> [Exercise] Leave the pictures out, and repeat exactly every line from the one with "Logopediepraktijk Harderwijk" through the end of the data below.

> [Provided data]

◆ ◆ ◆ ◆

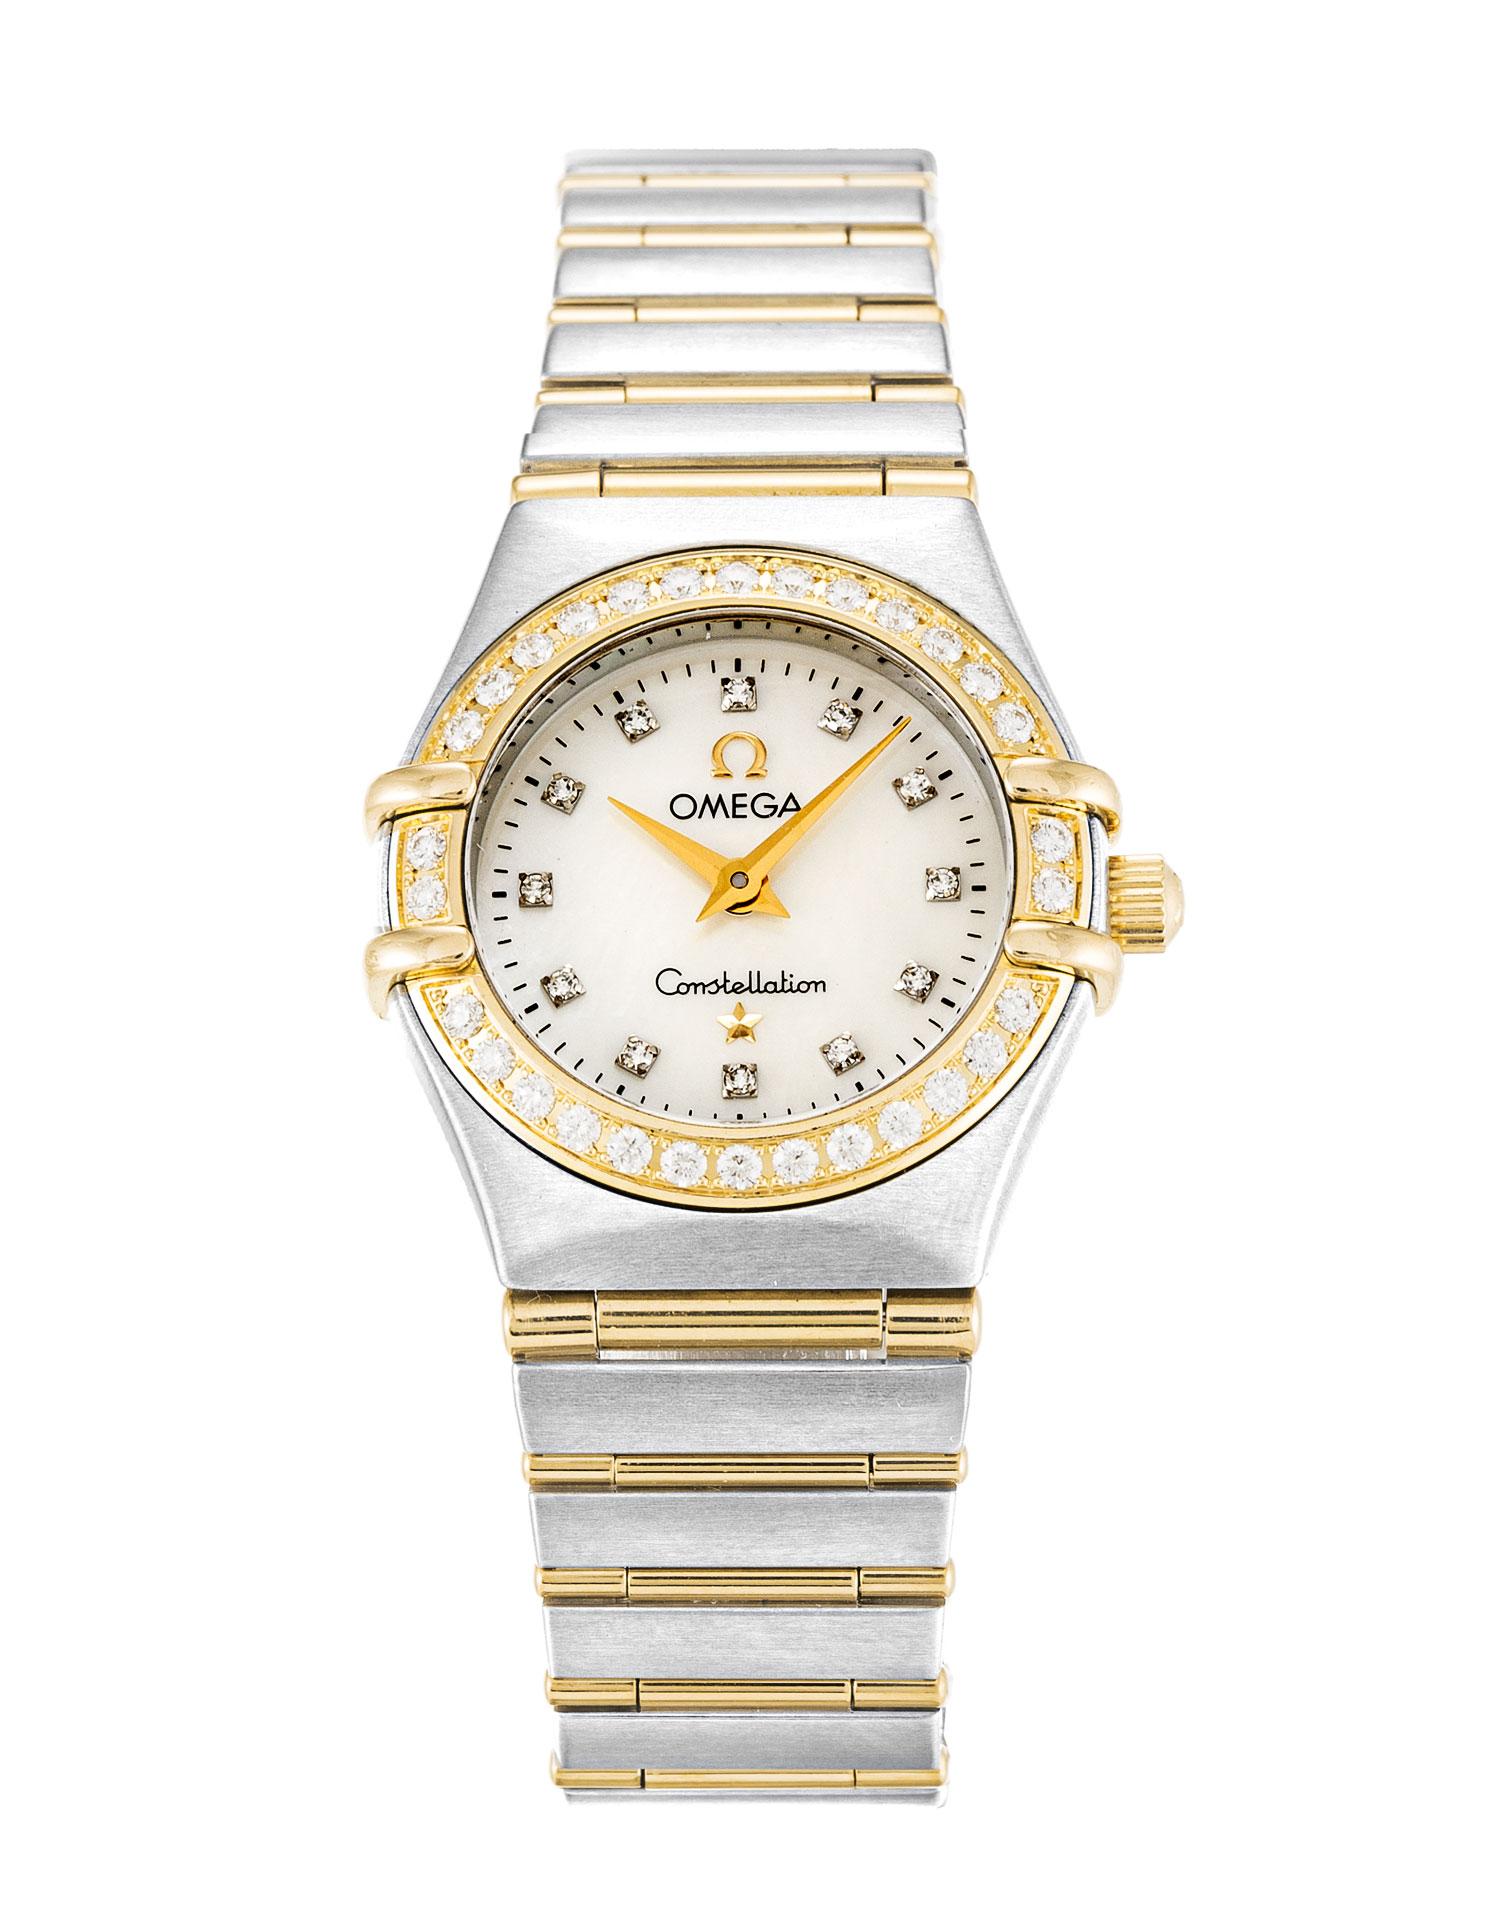 Omega Constellation Mini 1267.75.00 Ladies 22.5 Mm Steel & Yellow Gold Set With Diamonds Case Quartz Movement – iapac.to
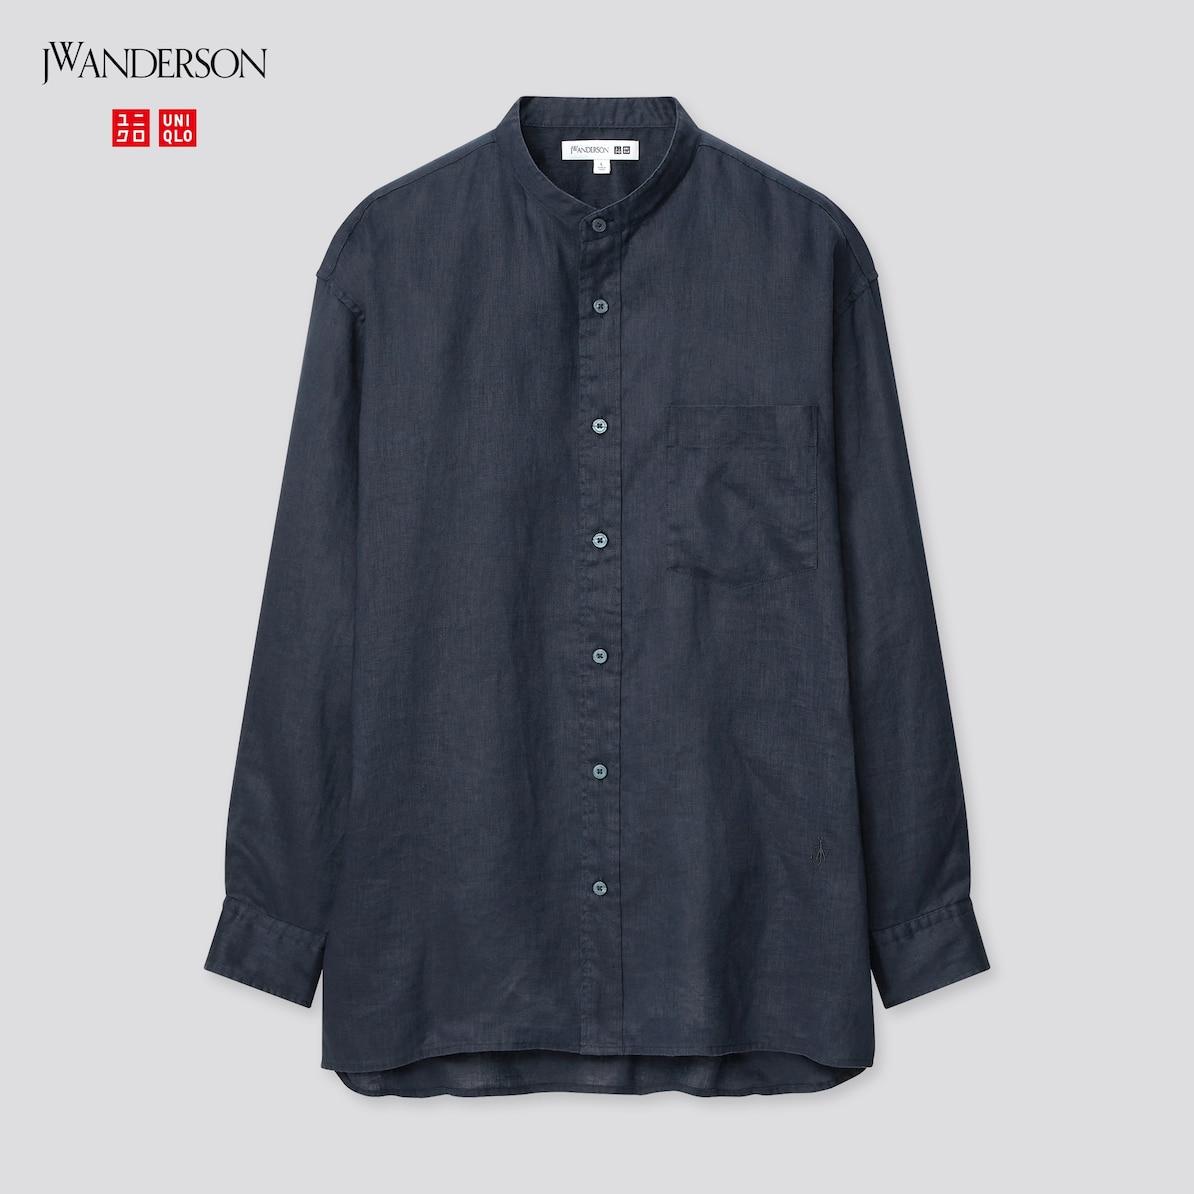 f:id:yamada0221:20210423131123j:plain
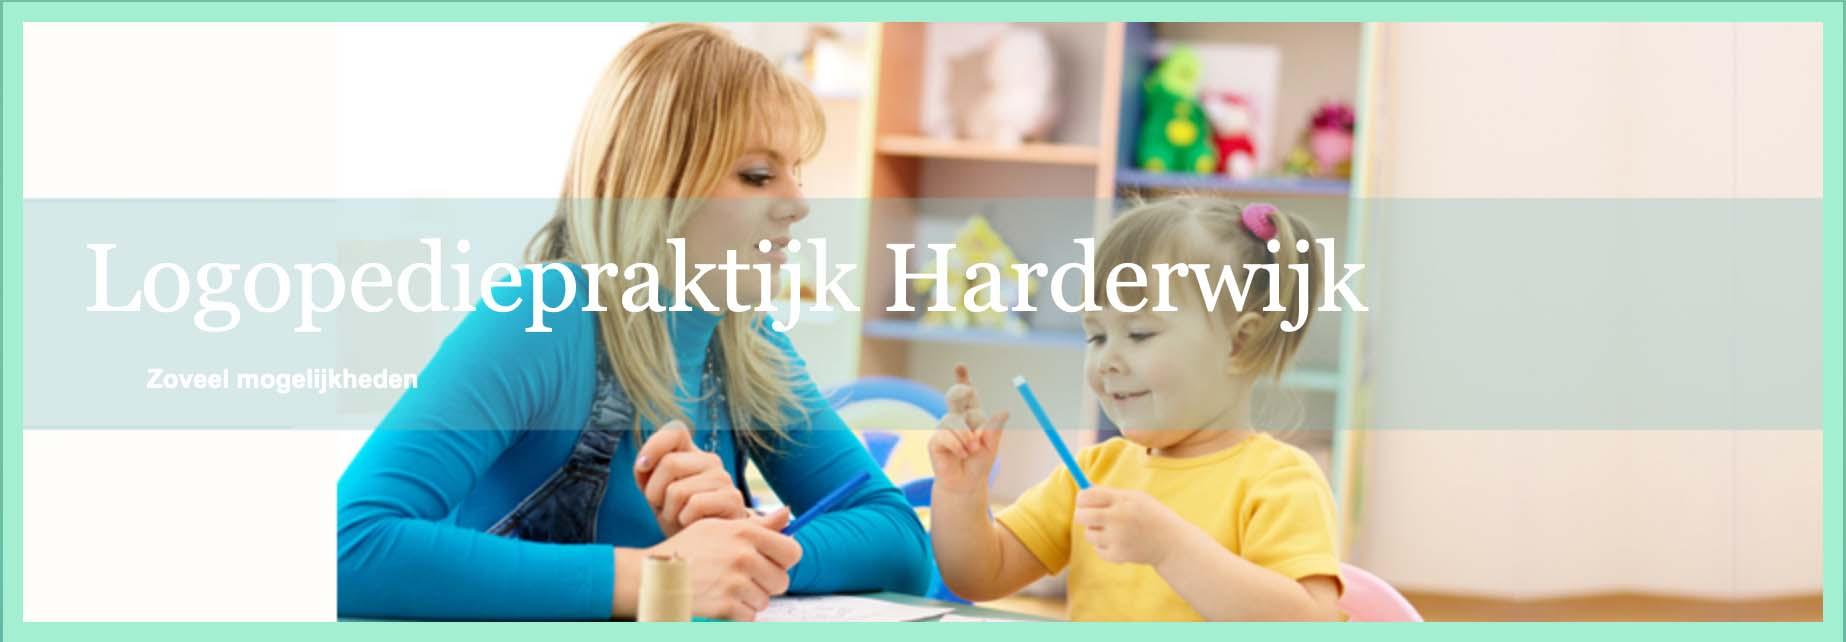 Logopediepraktijk Harderwijk
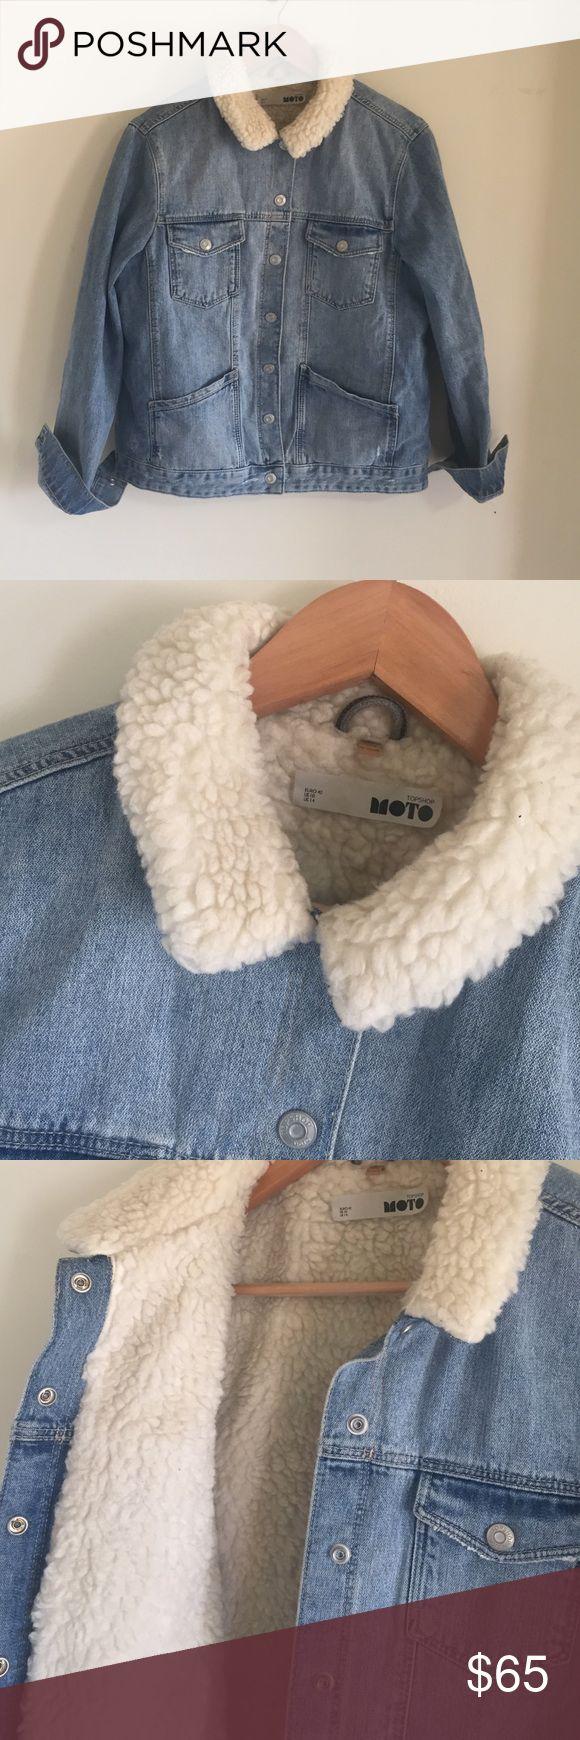 TopShop Fur denim jacket. Moto collection 😎 Great Condition. No fur along sleeves so perfect for layering. Topshop Jackets & Coats

◆ ◆ ◆ ◆

> [Answer to this exercise]
 Logopediepraktijk Harderwijk
 TopShop Fur denim jacket. Moto collection 😎 Great Condition. No fur along sleeves so perfect for layering. Topshop Jackets & Coats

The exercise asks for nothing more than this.